Numerous drugs have been reported recently to cause SSC, with most patients recovering liver function after discontinuation of the drug. An interesting retrospective study reviewed patients diagnosed with DILI and attempted to determine if any had SSC. Out of 102 patients, they found 10 patients with the likely diagnosis of SSC. The implicated drugs included amoxicillin-clavulanate, sevoflurane, amiodarone, infliximab, green tea extract, venlafaxine, and atorvastatin. Only one patient, who was treated with infliximab, did not recover liver tests before the end of the study [7]. Case reports of ketamine, celecoxib, and TACE with bleomycin-iodinated oil were also reported [9, 11, 12].

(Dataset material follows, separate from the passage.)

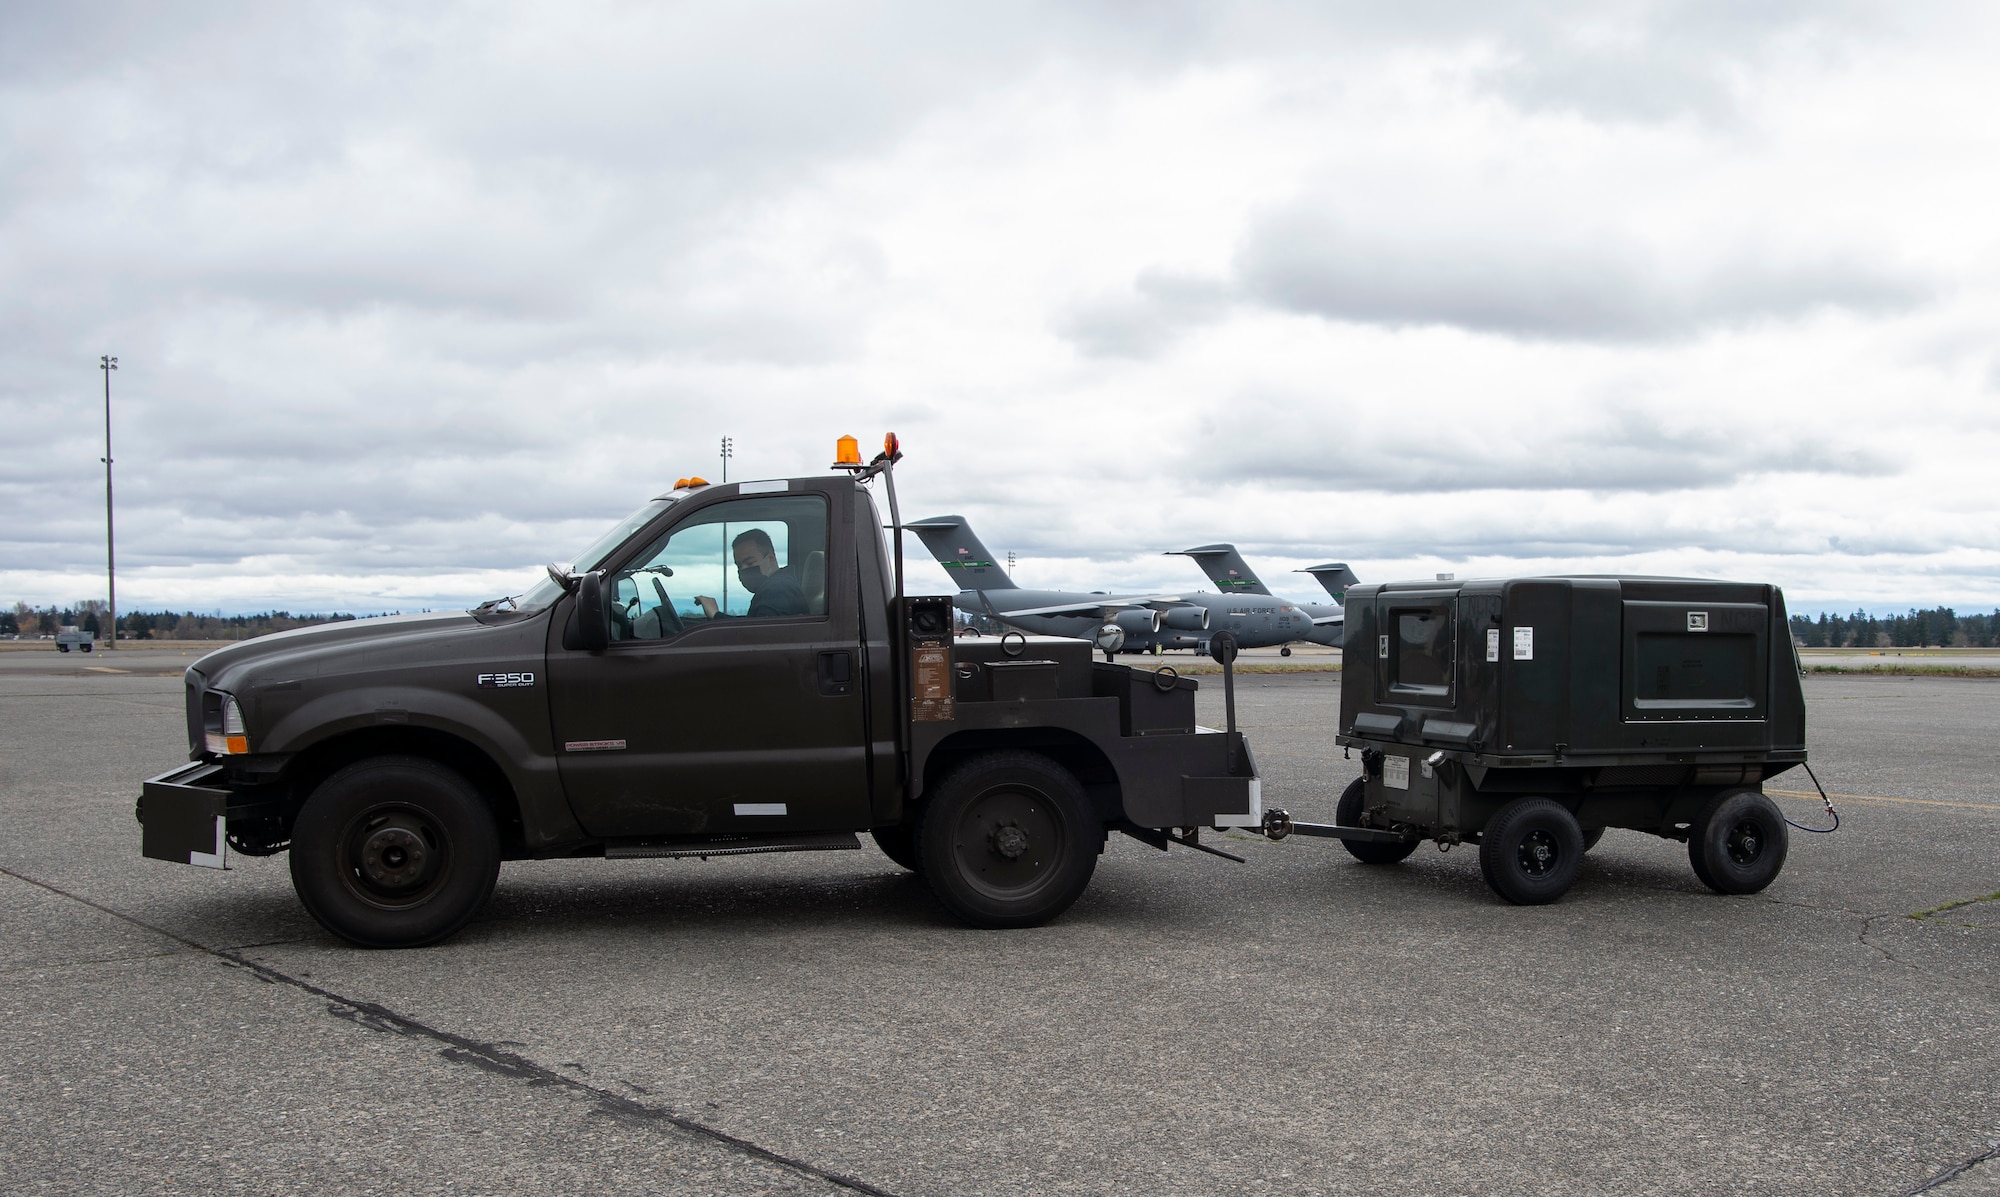 U.S. Air Force Airman 1st Class Sean Gilbert, 62nd Maintenance Squadron Aerospace Ground Equipment Flight apprentice, tows a generator at Joint Base Lewis-McChord, Washington, April 7, 2021. The service, pick-up and delivery (SPUDS) section of the 62nd MXS AGE flight transports equipment to and from the flightline to assist in the inspection and repair of C-17 Globemaster IIIs at McChord Field. (U.S. Air Force photo by Senior Airman Tryphena Mayhugh)

Obstructive and autoimmune causes of SSC have been published in the past. A case report of metastatic gallbladder adenocarcinoma was described [13]. It is unclear in the case of Hodgkin’s lymphoma what caused the SSC, as liver tests improved with prednisolone before the diagnosis of Hodgkin’s lymphoma, and remained normal after treatment for the lymphoma. Despite normalization of the liver tests, imaging studies remained abnormal [16]. A patient with Behcet disease developed SSC, which responded to biliary stenting with normalization of liver tests [14]. Sarcoidosis was also shown to cause SSC in a case report, with improvement after steroid therapy [15].

SSC-CIP has become more recognized and published recently, leading to the conclusion that it has been under-diagnosed in the past. It is difficult to predict which intensive care patients will develop the disease since the reasons for ICU admission are so varied [17,18,19,20, 21•, 22]. Many studies have noted that perhaps mechanical ventilation, hemodynamic instability, and vasopressor requirements, could be contributing factors [19, 23]. However, these are factors present in most intensive care patients, and likely do not help in predicting disease. The SSC-CIP study by Weig et al. was unique because their patients not only had the same etiology of illness in H1N1 pneumonia, but they also had a comparison group (H1N1 ICU patients without SSC-CIP). They did not report a difference in mechanical ventilation, hemodynamic instability, and vasopressor requirements, between the two groups. However, they did find that the SSC-CIP patients had a higher BMI, higher volume of intraperitoneal fat, and spent longer time in the prone position [21•]. Perhaps patients with higher BMI and intraperitoneal fat should spend less time in the prone position. It has also been widely reported that it takes a considerable amount of time in ICU to develop SSC-CIP [17, 23], but this is likely flawed, as cholestatic liver injury is seen as soon as 7 days after ICU admission [19]. It is unclear why there is a possible delay in diagnosis, but potential factors include poor awareness of the disease, assumption of other diagnoses such as DILI or ischemic hepatitis, and lack of appropriate imaging early in the course. A few studies have shown that ultrasound does not detect the disease in many patients, which seems to be mainly intrahepatic duct disease [22, 24•]. Perhaps early cross-sectional imaging, or involving a gastroenterology specialist early, would be beneficial.

Even if SSC-CIP is diagnosed earlier, it is unclear if any treatment will alter the progression of disease. It appears that these patients have more Candida and drug-resistant bacteria in their bile, which should be considered when choosing anti-microbial therapy, and maybe whether to start anti-fungal therapy [25]. The majority of patients with SSC-CIP have intrahepatic duct disease only, which makes endoscopic therapy options more limited as well [22, 23, 24•]. ICU mortality of the disease is around 50–56% [18, 22]. Meanwhile, survival rates of SSC-CIP patients undergoing OLT are similar to other patients receiving OLT [18, 24•]. Taking all of this into account, it is possible that with more prompt recognition of SSC, these patients could be listed for OLT earlier in their disease process to improve their outcome.